Fortunately, I married someone who really likes having a box of tissues around, rather than rolls of toilet paper, and with my sinus issues, it's pretty much a snot fiesta up in my neck of the woods. For reals. And when I blow my nose, even though it's quieter than it was before my sinus surgery, it is still trumpety and magnificent, so you can imagine the snot game I have going on. So, yeah, Kleenex is a fine idea.

So, little me, guess what? 

Even non rich people can buy that huge bulk pack of boxed tissues at Costco (theirs are less linty than Kleenex, too, so it's a pretty amazing deal). 

Or maybe we are rich and somebody forgot to tell me.

That would also be amazing.

But at least we have a ginormous box of boxes of tissues in our garage.

Monday, September 19, 2016

So, has it been crazy in your house? It's been all kinds of crazy in my house. That's okay, though, because we have discovered a new form of awesome. Less than an hour away from my house is this magical place where you can watch a movie AND have dinner AND have beer.

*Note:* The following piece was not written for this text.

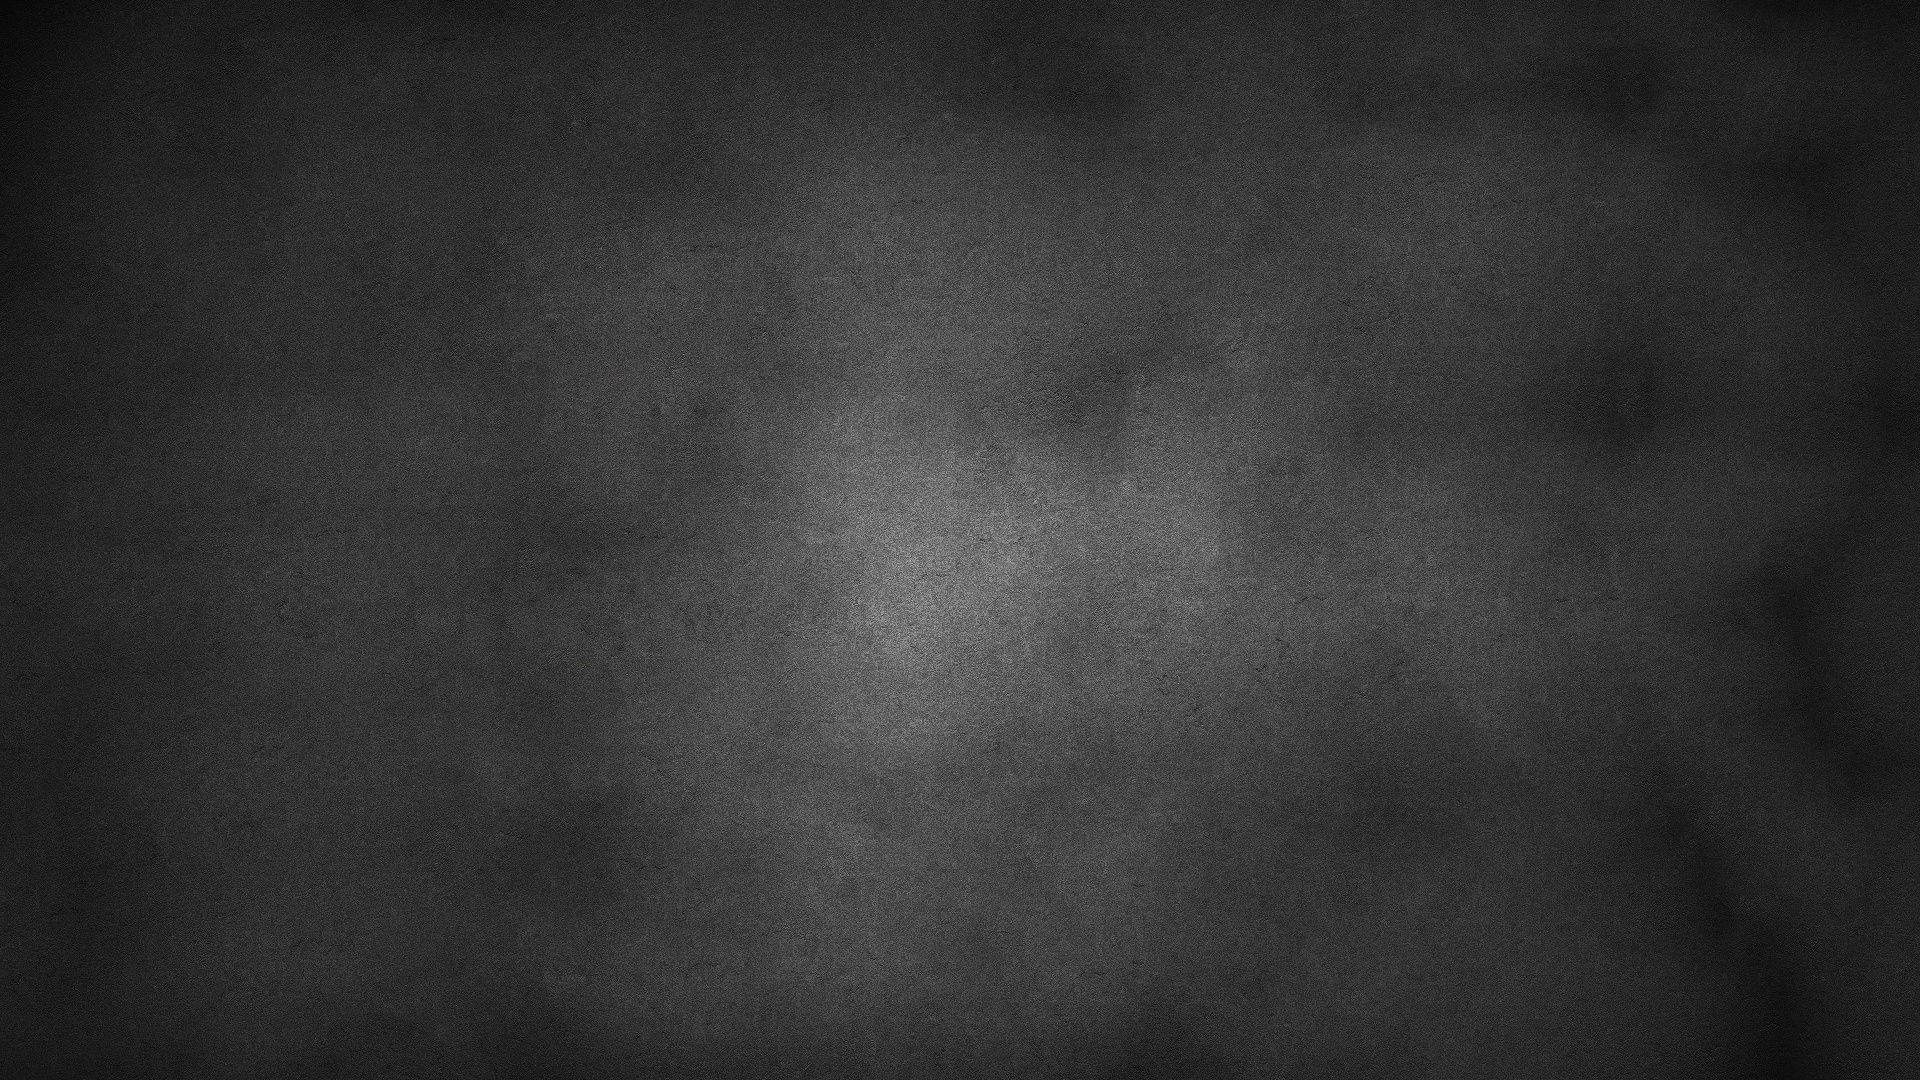 High Resolution Black Background wallpaper pc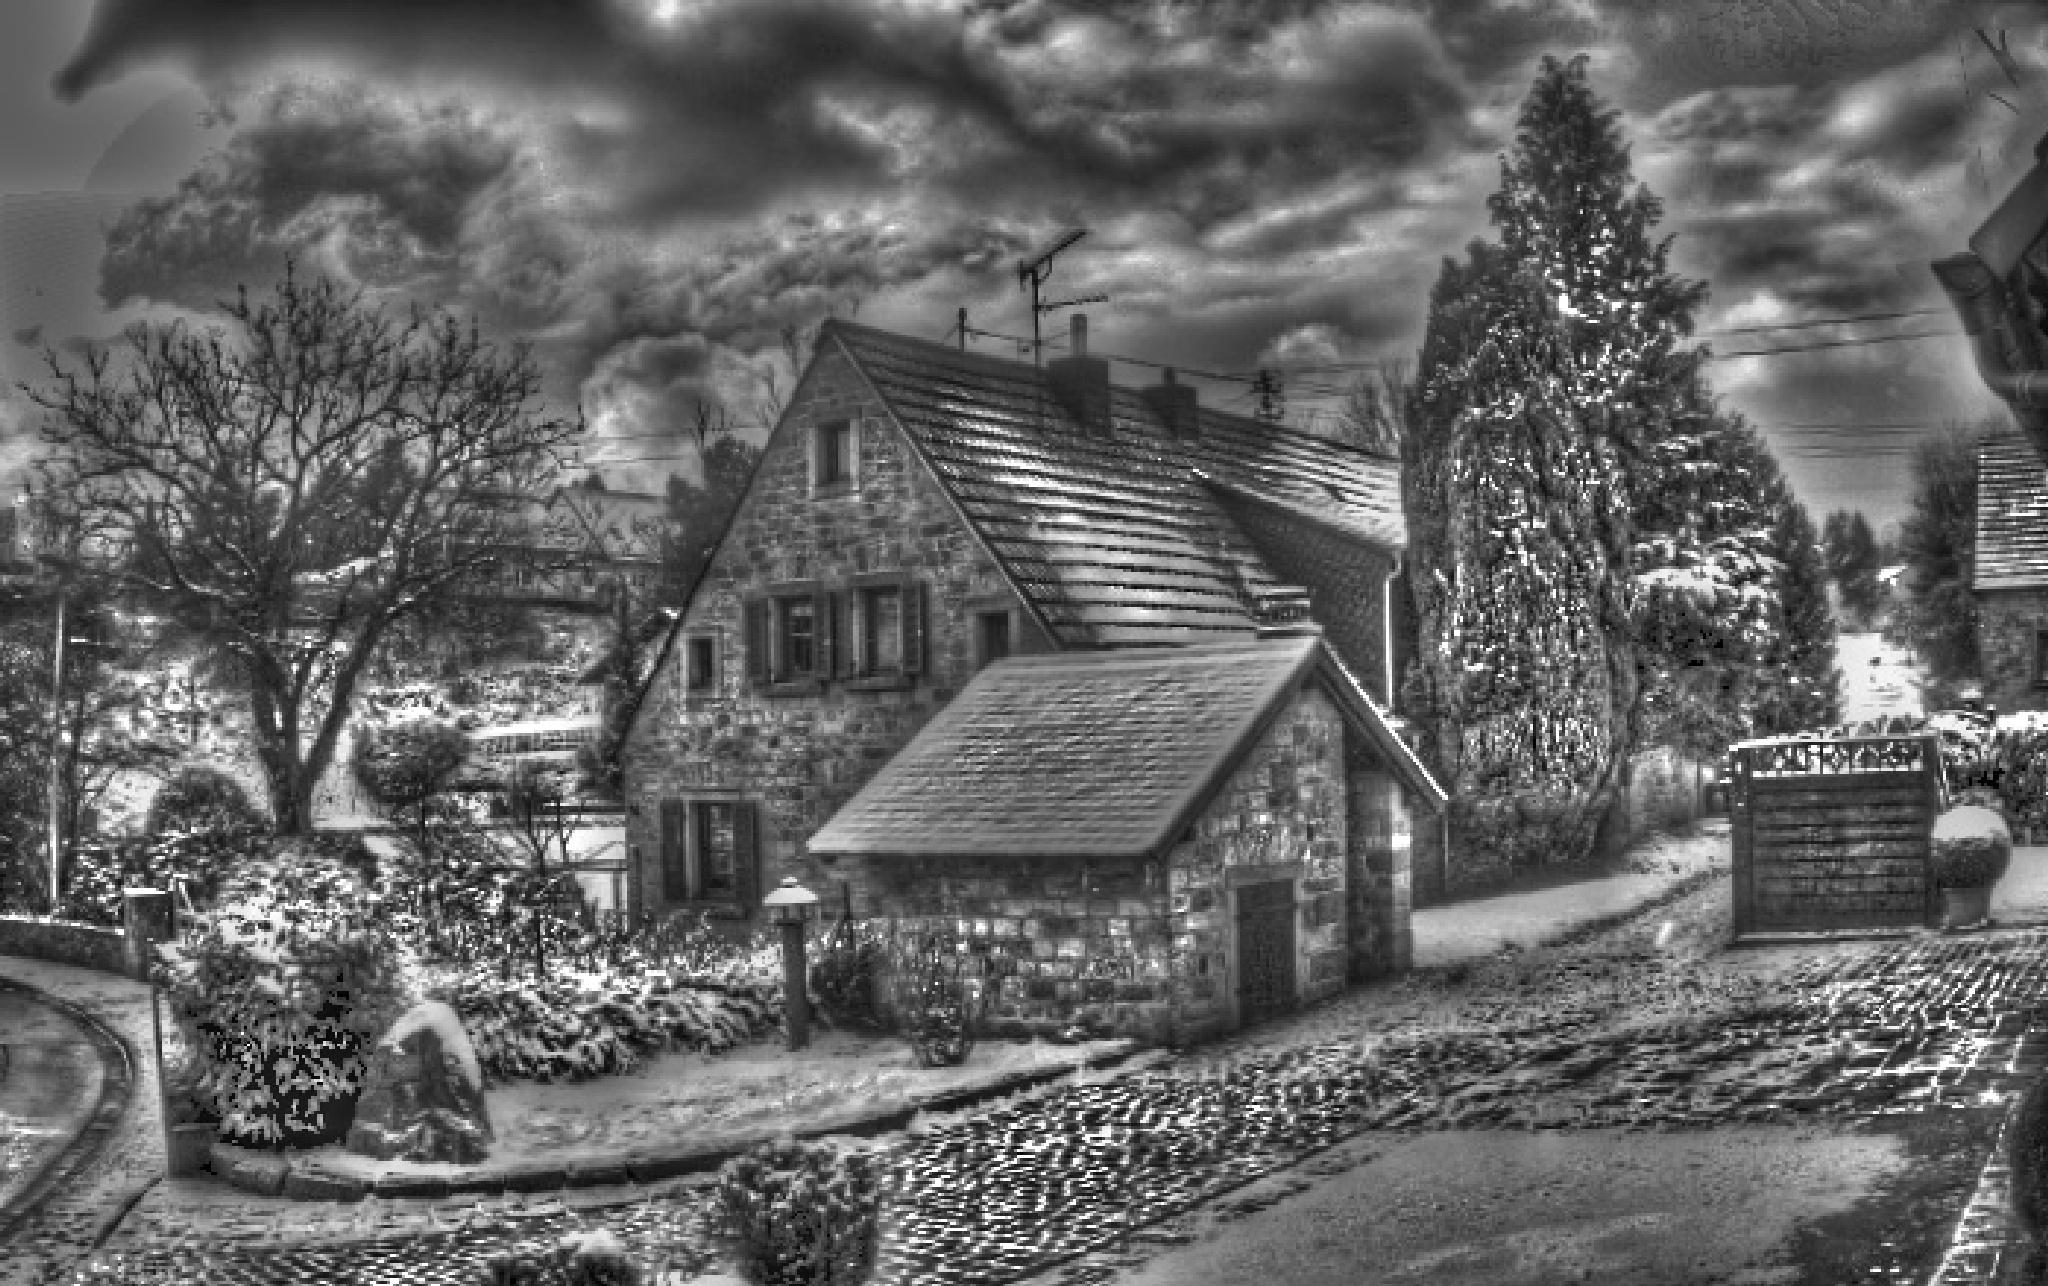 Home sweet home, by Antoni Marek Polczyk

Except I've got fluid in my ear and I'm taking stuff to fix it that has Tylenol in it, so I'm not drinking at all, but when that's over, then I will have beer with my movie.

Anyway, movies and food and beer are some of our favorite things, so we're pretty happy we went. I also realize that this theater has been around for ages already, but we've been too busy to check it out.

Until now.

Whoever invented this is the most geniusy of all the geniuses. Seriously. It's like Disneyland but cheaper and without those scary people in costumes or 9 billion unwashed hands. Oh, and no rides, but did I mention they have pizza? So there's that.

OH MY GOSH I WANT TO GO EVERY DAY.

I want to just live there.

Maybe it's weird to like a movie theater this much, but there is also limited seating, and it's assigned. So you know where you're going and you don't have to think about it. Also, the seats are big enough that even when you're sitting next to someone else, it's not too bad and you don't feel like there's a possibility of their weird fabric softener smell migrating over to your jacket. Or maybe that one's just me. And they have fold-up tables to put your food on while you eat.

It's like my inner fat kid's dream came true.

I almost can't believe it.

I almost want to skip work today and go back.

Yes, kids. Believe it. I actually like something. This calls for jazz-hands and a Carol Channing-style rendition of a Frank Sinatra song. Happy Monday.




Monday, September 12, 2016

Cold or allergies?

I wish there was a kit where you could blow your nose into a machine and it would tell you so you could be sure to not infect other people with your gross. 

No such thing. 

It's times like this that I wish I was a scientist and could invent such a machine, because I'm pretty sure I would be a multi-billionaire in like five minutes, but alas, I am not. 

I'm just a lady with a dream. A snot-testing dream.

That doesn't sound pathetic at all.

Not even a little bit. 

Tuesday, September 6, 2016

I just had the nicest weekend.

We still had to do some work, even though it was Labor Day and all that, but we did a lot of fun things, too, and I got to have my husband all to myself for a bit, which was lovely. 

We went and did touristy stuff in Santa Fe, which we haven't done for eons, we had a fancy dinner out for our anniversary, we went to a movie, we took a drive in the mountains, and we even did a long walk together.

I know. None of those things involves work or even being productive. Crazy.

We also got all of the things we needed to get done finished, around all the fun stuff, even including an extra-long rehearsal for me last night. So I don't have to have any guilt about slacking off. I also don't have a ginormous pile of dishes or laundry or anything waiting for me, because we already did that.

Ah. Now, if only this morning hadn't arrived extra early, it would be perfect. But, close enough.